Making something mandatory will definitely push things forward because what else are the providers going to do? Though I still have doubts about real progress being made. EU can't can even add VP9 and AV1 to the list of codecs used for Digital Video Broadcasting (DVB).

Instead maybe the government should start eating its own dog food and use an open standard for both internal and external use.

Interoperability of major chat software will be mandated by the EU in the coming years (around 2023 or 2024 hopefully).
It will be very impressive if they get this to actually work, as opposed to an endless flood of unstoppable spam forever.
Seems like a disingenuous argument, why not make a real one?
ntalk is for me the most pleasant non-in-person way to communicate.

Let's please go back to ntalk!

I really hope Matrix bridges will help bring back some sanity on this front.
the performance is too bad
The bridges are not horrible. But they aren’t super reliable. I have seen them go down for a few days once, generally be a bit slow, forward messages out of order, etc.

The free matrix.org server is also overloaded. The paid server is much faster.

Still, bridges do not really solve fragmentation problems the same way compliance with internet standards does.
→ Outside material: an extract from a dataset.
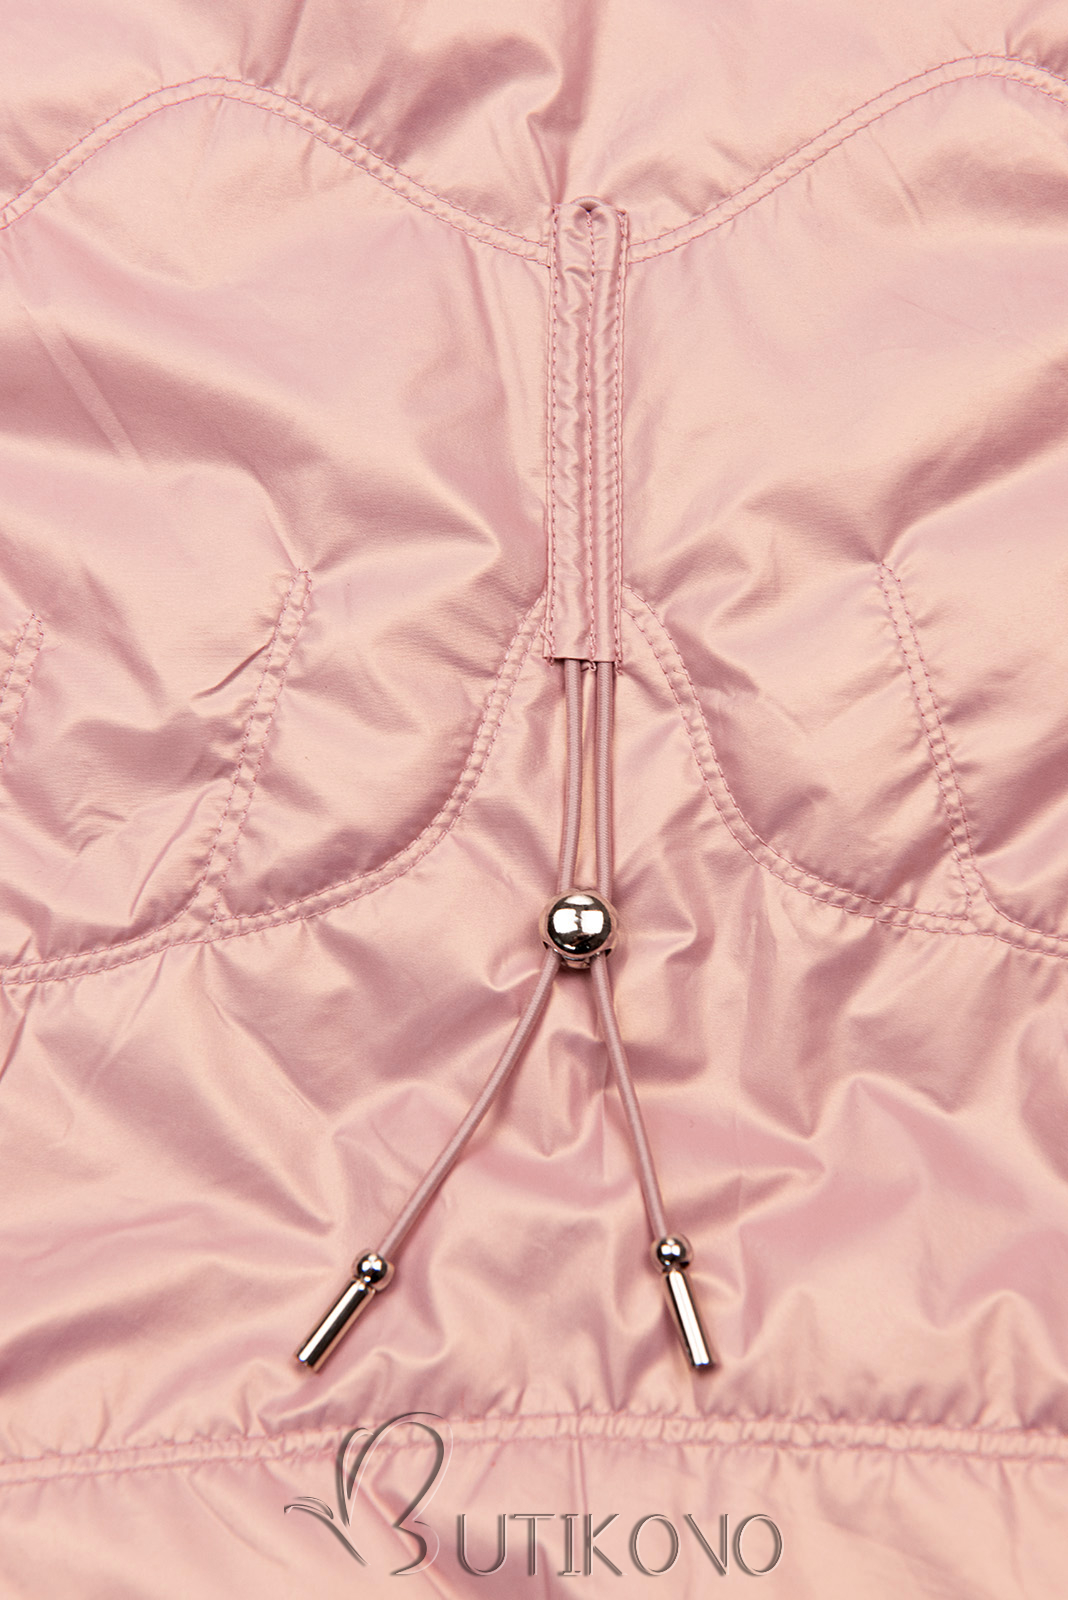 Perleťově růžová přechodná bunda s kapucí

For example bridges break important features like end-to-end encryption.

Internet standards have consistently failed to innovate. Email and IRC have failed to progress along with proprietary platforms. Features like end to end encryption require user effort and plugins which never took off.

Having 5 IM apps installed is much preferable to me than 1 worse app. Not sure the situation for XMPP but I have been told its highly fragmented with extensions that not all clients support. If I'm talking with someone, I want a high level of assurance that their client is pretty much the same as mine and that all features work and look roughly the same on both sides.

> Internet standards have consistently failed to innovate.

Internet standards do not innovate. People that adopt standards and built interesting things with them do.

For example, Google originally wrote the Jingle XMPP extension. Sadly, it seems like there are no real economic incentives for interoperabilty in the IM space (quite the opposite if you already have a lot of users on your platform), so we don't see a lot of investment going into the adoption of internet standards from big players anymore.